The hon. Member rehearsed at some length the events which took place and which were the subject of evidence in this case. I do not intend myself to enlarge on them. But I must make one or two comments upon some of the omissions of the hon. Member. He stopped short in his account when the affair got as far as the canteen. He did not go on to say—this is evidence which was mainly in support of the charge of incitement to mutiny—what happened in the cookhouse, and what happened on the veranda, and the words that were spoken—they were shouted to a crowd of waiting soldiers by the accused—in recognition of which the charge of incitement to mutiny with violence was upheld.
The hon. Gentleman said that clearly the actions of the accused in this case were not premeditated. But I must point out to him that premeditation is not an essential ingredient in a charge of incitement to mutiny. It is as true under military law as I believe it to be under civilian law that a person must be presumed to intend the consequences of what he does. The fact was that words, clearly held by the court to constitute incitement, were uttered by the accused in the hearing of a crowd of soldiers. I should have thought that the consequence of that needed no emphasis upon its possible gravity.

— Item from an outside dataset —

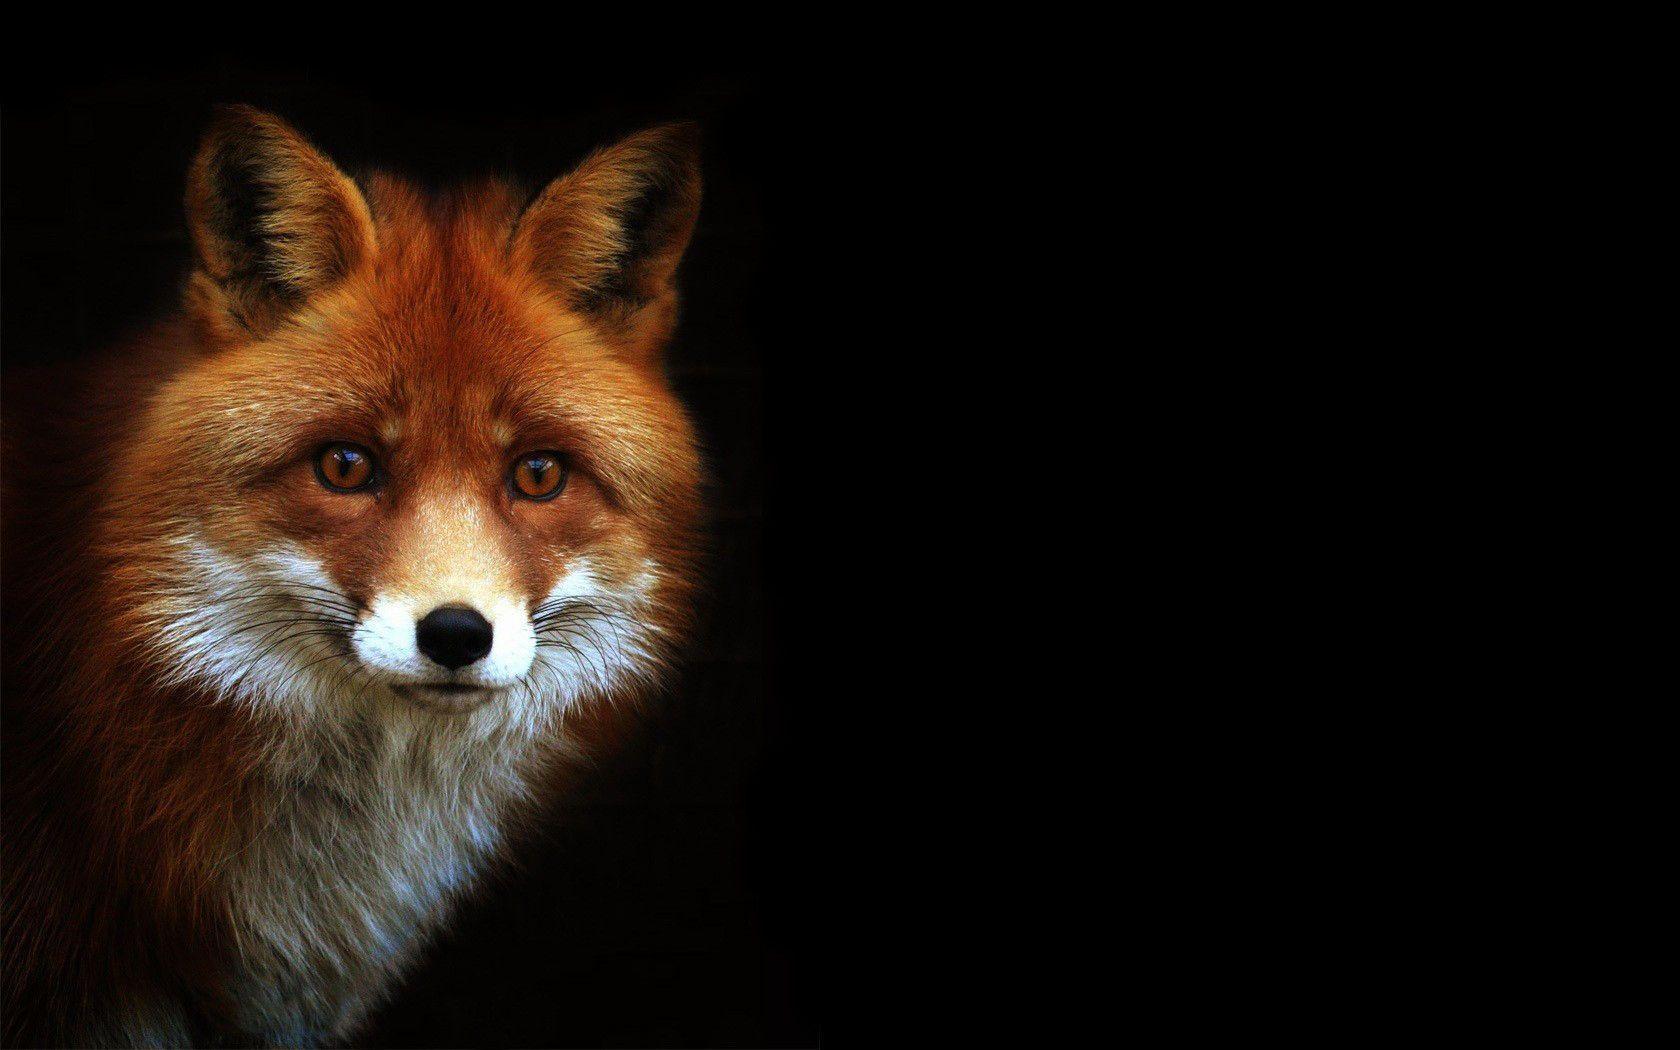 Black Fox Wallpapers Top Free Black Fox Backgrounds

169 The hon. Gentleman referred to the conduct of the orderly sergeant. This may or may not be in dispute. The fact is that the order issued by the orderly sergeant was a lawful order and as such should have been obeyed by the accused. The hon. Gentleman made a comparison, which I do not think is warrantable, between the situation here and the circumstances of the recent occurrence at Pirbright. In answer to Questions in the House I have said before that I think the circumstances are completely different and that the events at Pirbright were in quite a different category. There was no violence in question there, there was no question of resistance to arrest and though, as I say, there is a narrow 170 borderline in these cases between serious indiscipline and mutiny, in the case at Pirbright I do not believe that was over stepped.
I have tried to answer the points raised by the hon. Member. I am sorry I cannot do as he asks, but I think that this was a bad case and, whatever the hon. Member may say of Drinkwater as a man, as a soldier he did very wrong.
§ The Question having been proposed after Ten o'clock and the debate having continued for half an hour, Mr. Speaker adjourned the House without Question put, pursuant to the Standing Order.